Task objective:
Every line below from the one containing "Thumbnail 1 of" through the one containing "d23e111e898f pelican c43130" is to be printed exactly, with the pictures omitted.

BEGIN Source records

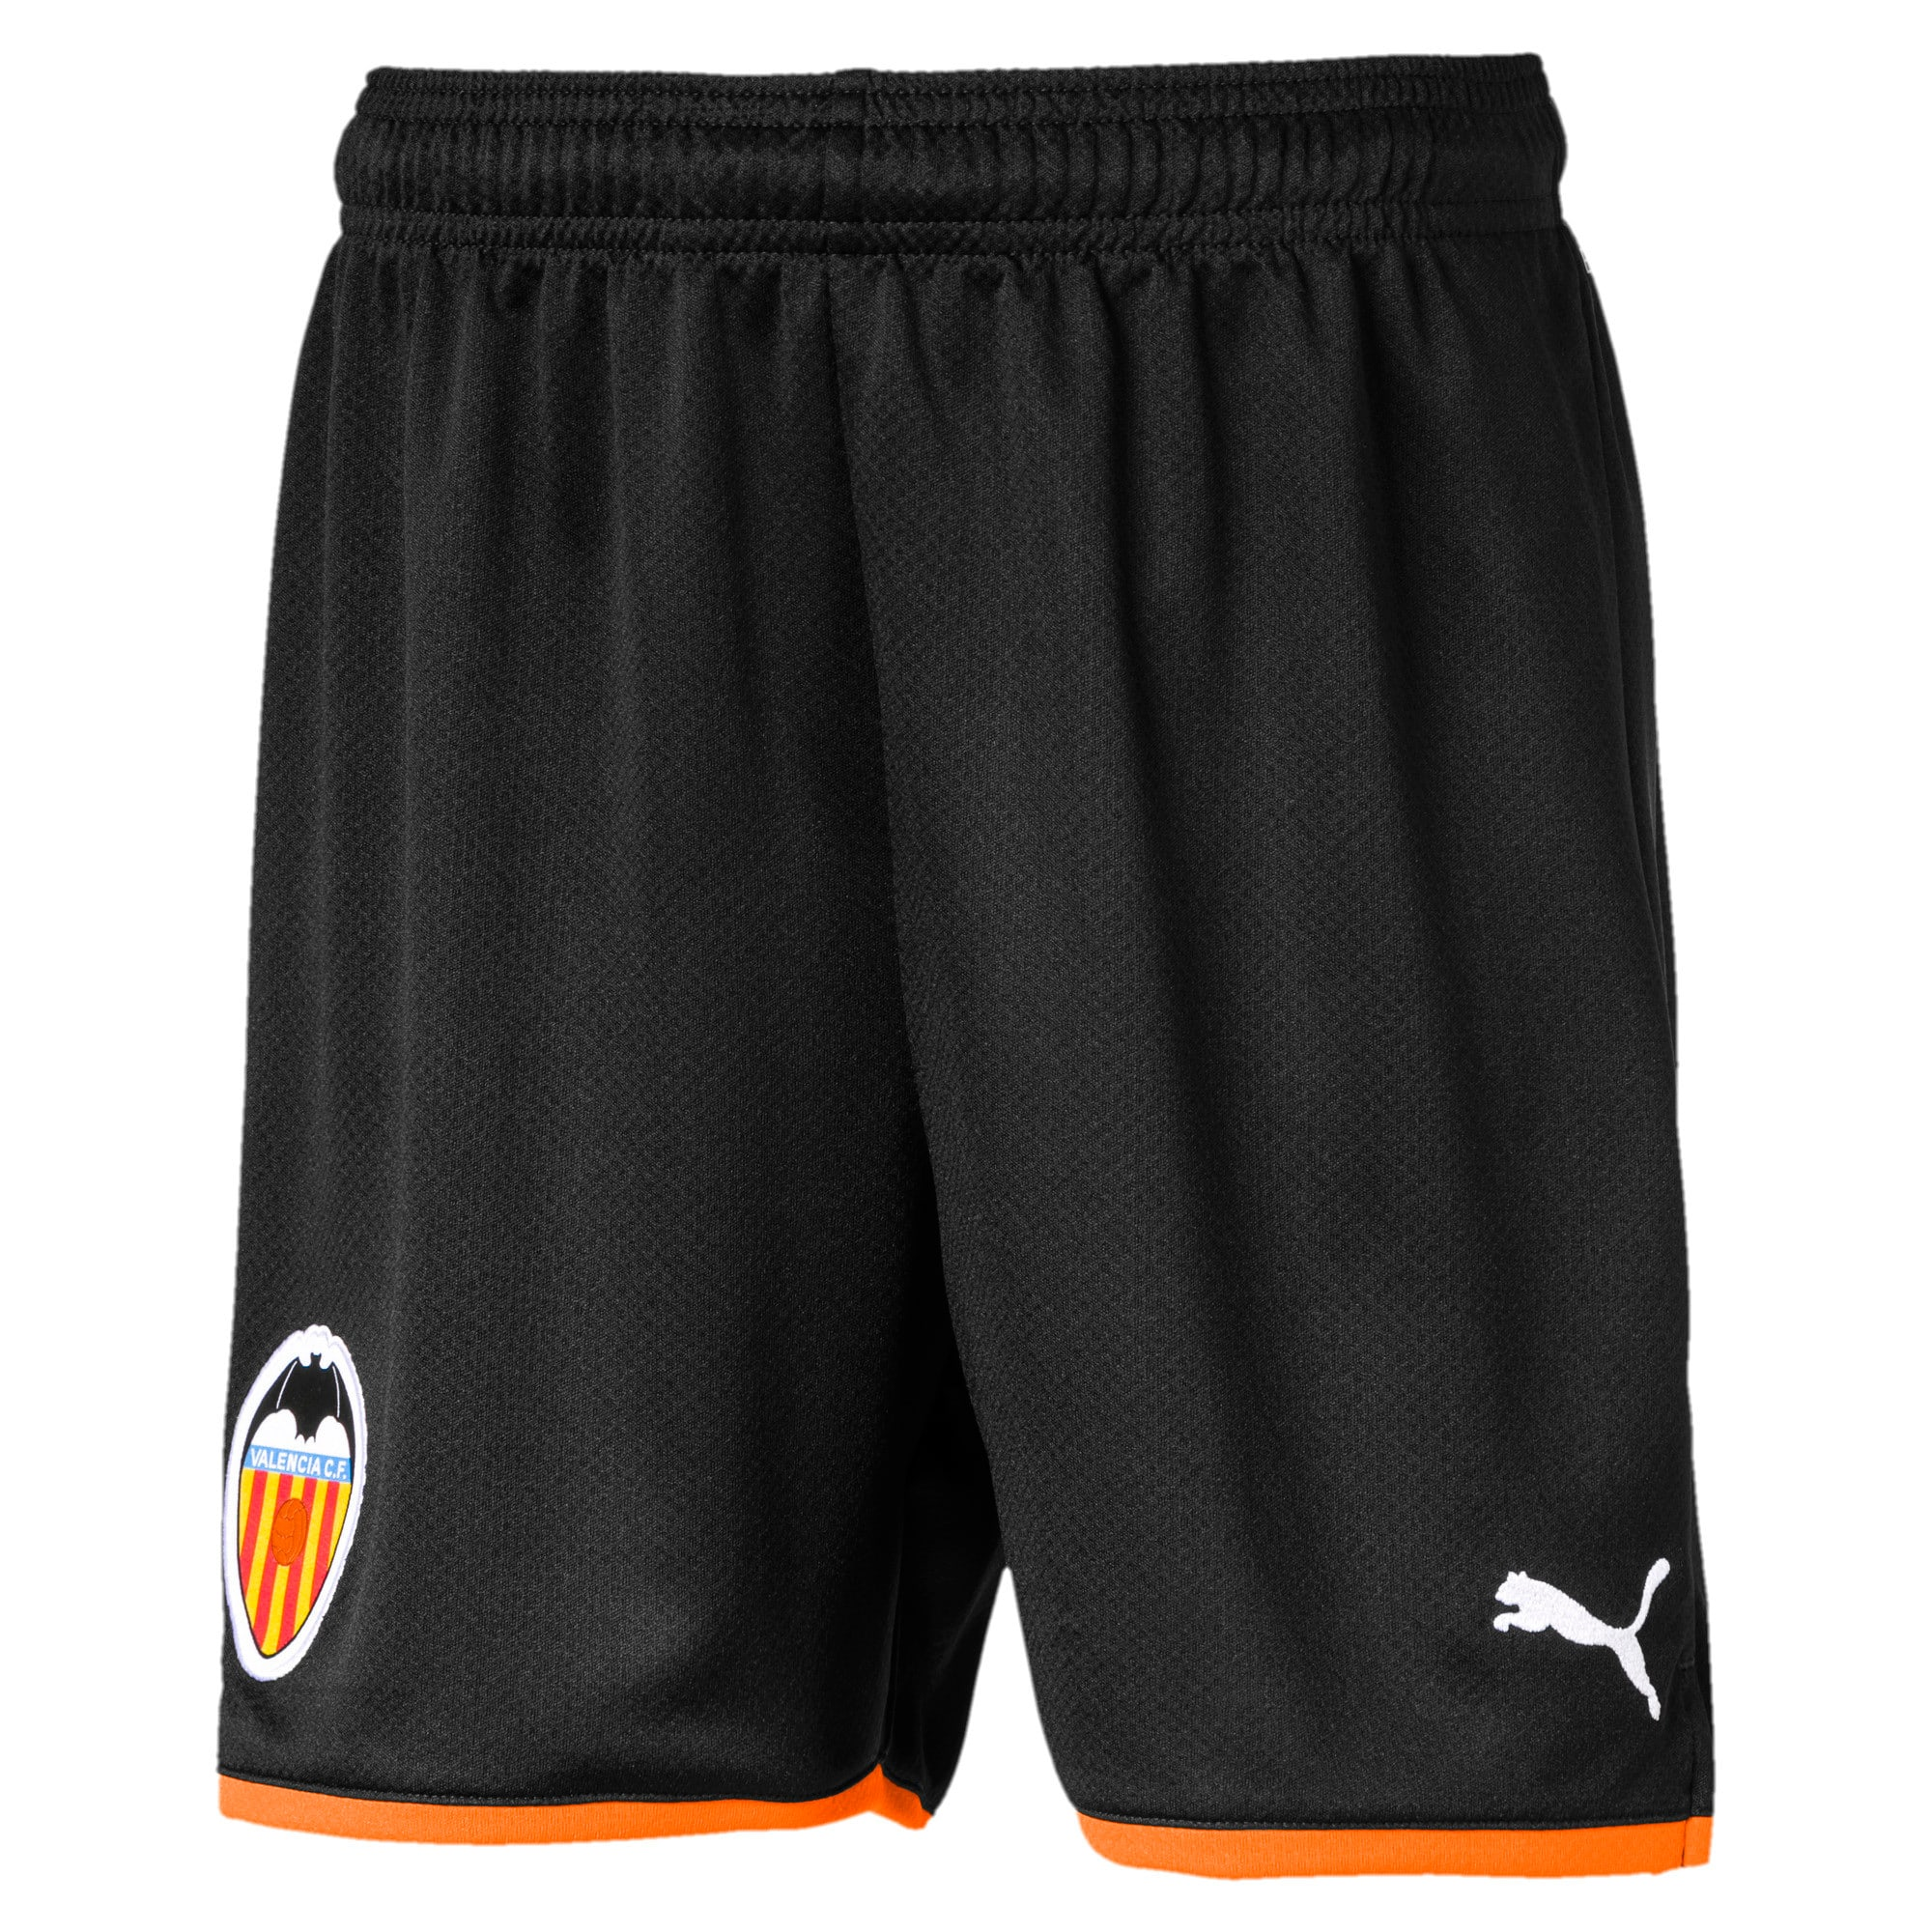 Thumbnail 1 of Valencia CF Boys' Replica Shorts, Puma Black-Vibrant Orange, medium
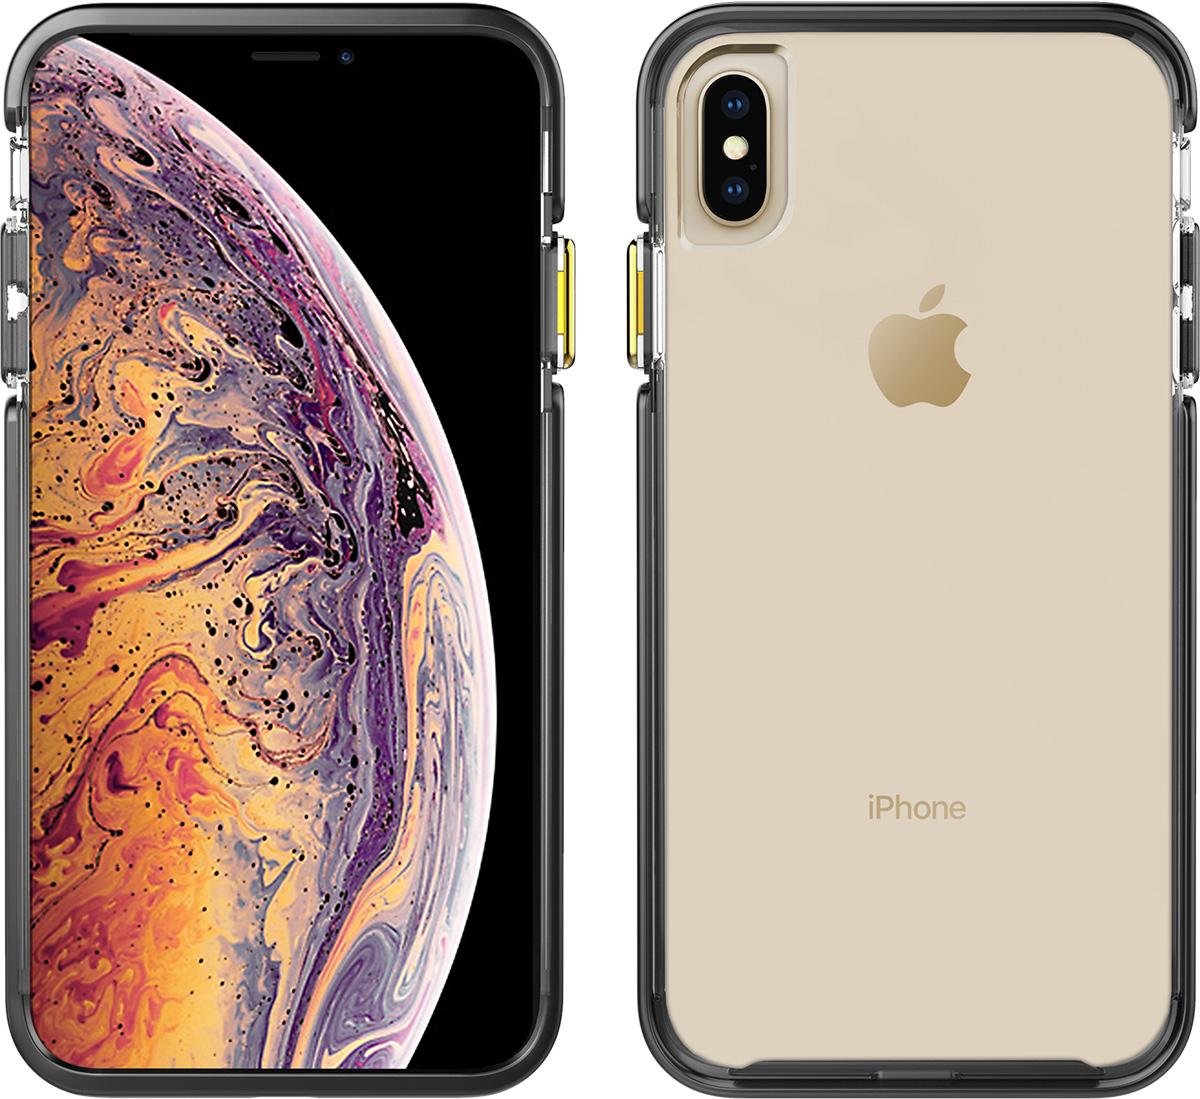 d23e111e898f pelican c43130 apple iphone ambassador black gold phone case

END Source records
BEGIN Source records

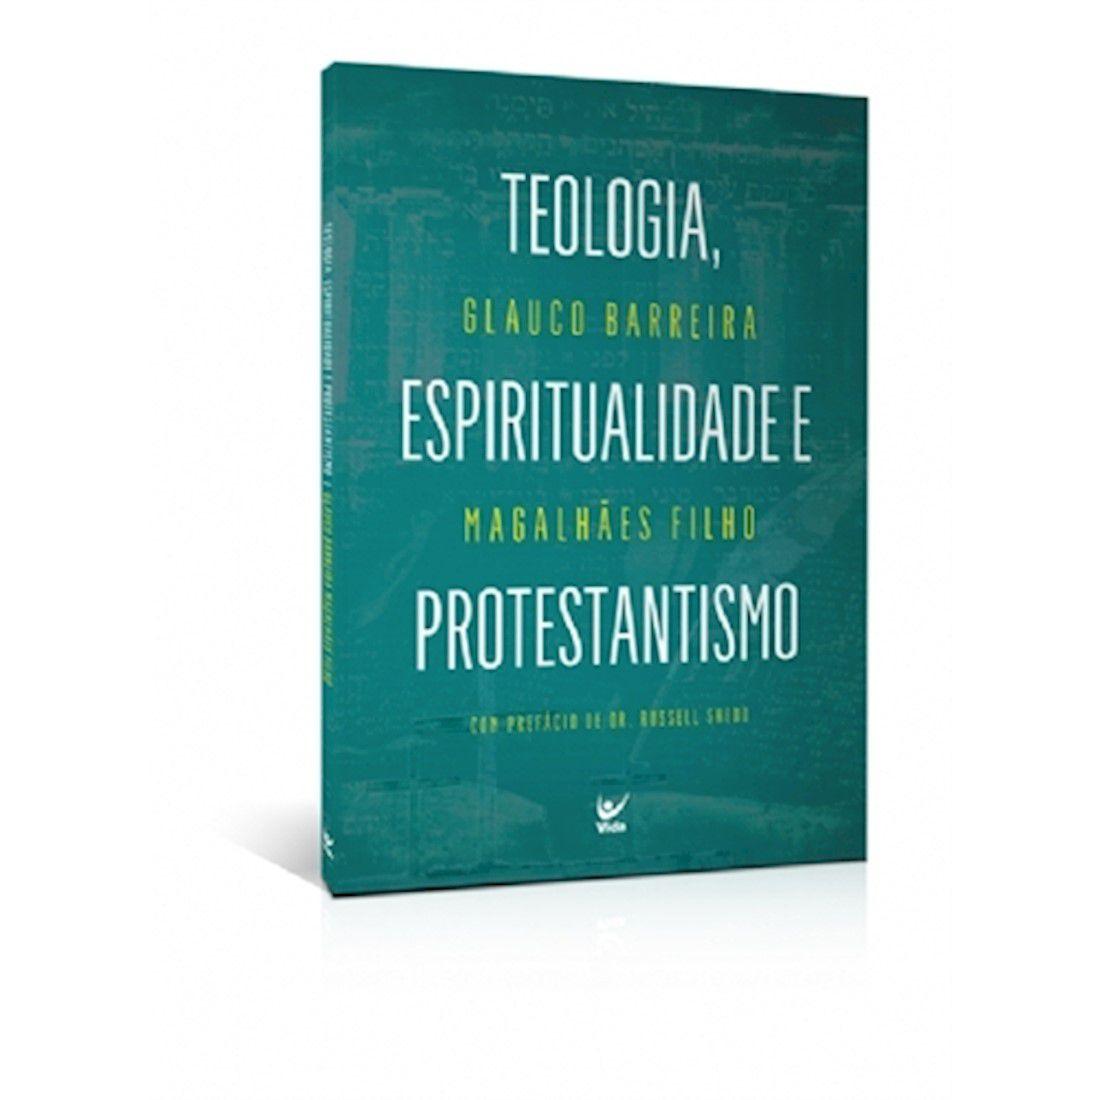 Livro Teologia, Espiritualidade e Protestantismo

END Source records

Result of the exercise:
 Thumbnail 1 of Valencia CF Boys' Replica Shorts, Puma Black-Vibrant Orange, medium
 d23e111e898f pelican c43130 apple iphone ambassador black gold phone case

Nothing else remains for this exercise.